Успех выступления превзошел все ожидания. Хотя репертуар Равелли Мусоргскому был почти не знаком. Так и запечатлелось в памяти ошеломленного и счастливого Василия Бернардовича: гром аплодисментов и восхищенный итальянец, обнимавший Модеста Петровича с возгласами: «Какой артист!»
Читать о состоянии Мусоргского, сидевшего одиноко в своей комнате, быть может, горестно. Но то, как он вел себя на сцене, это – высшая степень профессионализма. Мог легко аккомпанировать с листа, не менее легко транспонировал, то есть переводил из одной тональности в другую, причем – с ходу. И это при неизвестном ранее репертуаре певца. И после жестокого похмелья…
Второго апреля начнет рождаться последняя картина «Хованщины», с Досифеем и черноризцами, шестого – Мусоргский на репетиции перед концертом Леоновой, где он, разумеется, будет аккомпанировать.

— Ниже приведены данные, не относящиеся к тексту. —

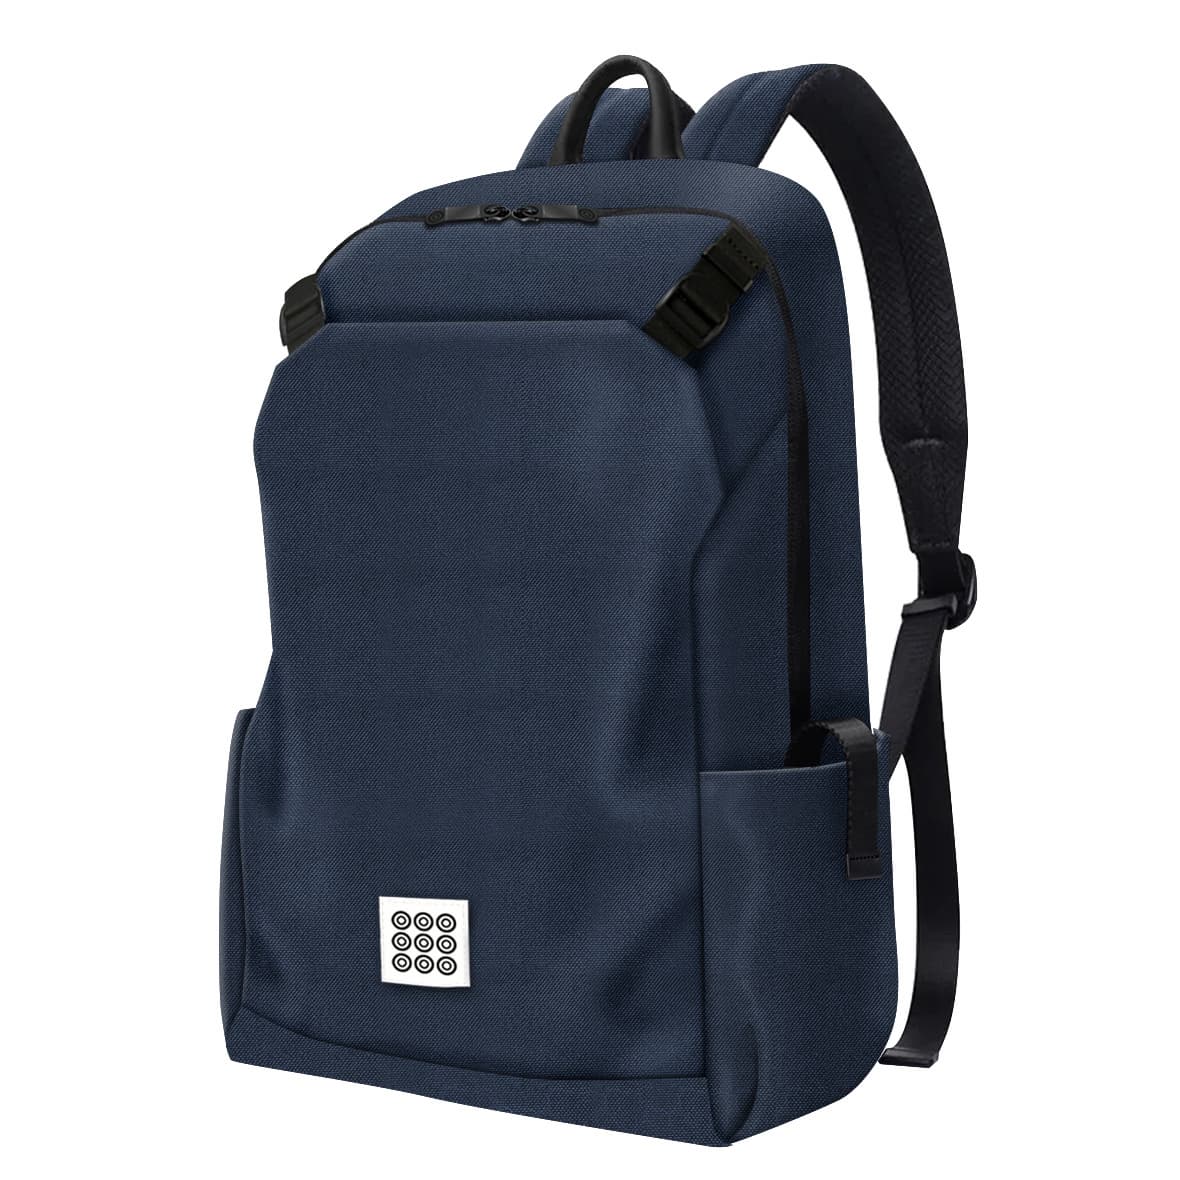 Onebody Laptop Backpack Bag_13 for Travel Business Casual

Восьмого – уже концерт, где из произведений Мусоргского прозвучат сцена Марфы с Андреем, «Пляска персидок» и «Блоха». И молодой слушатель, Тюменев, заносит в дневник: сцена – «очень трагична, но в музыке, к сожалению, передана не сильно», «Персидка» – «на этот раз понравилась мне более, чем в концерте Бесплатной школы; тогда я ожидал от нее бог знает каких красот и был разочарован, теперь же приложил мерку более умеренную и прослушал вещь с удовольствием», «Блоха» – «взгляд довольно дюжинного свойства, хотя автору она, как кажется, нравится».
Далеко не все можно было расслышать в сцене даже при очень хорошей дикции Леоновой. Либретто «Хованщины» написано «трудным» языком, с очевидными вливаниями устной речи XVII века, языка деловой письменности этого времени, языка церковнославянского… Могли схватить ухом такую речь слушатель с первого прослушивания? Глухота Тюменева к «Блохе» – лишнее свидетельство, как трудно иной раз современники воспринимают то, что через десятилетия потомки воспримут как произведение совершенное.Рецензент, слышавший этот концерт, окажется подготовлен более, нежели молодой музыкант: «…Всего лучше произвели впечатления Мусоргского песенка Мефистофеля о блохе из „Фауста“, его же заключительная сцена из оперы „Хованщина“…»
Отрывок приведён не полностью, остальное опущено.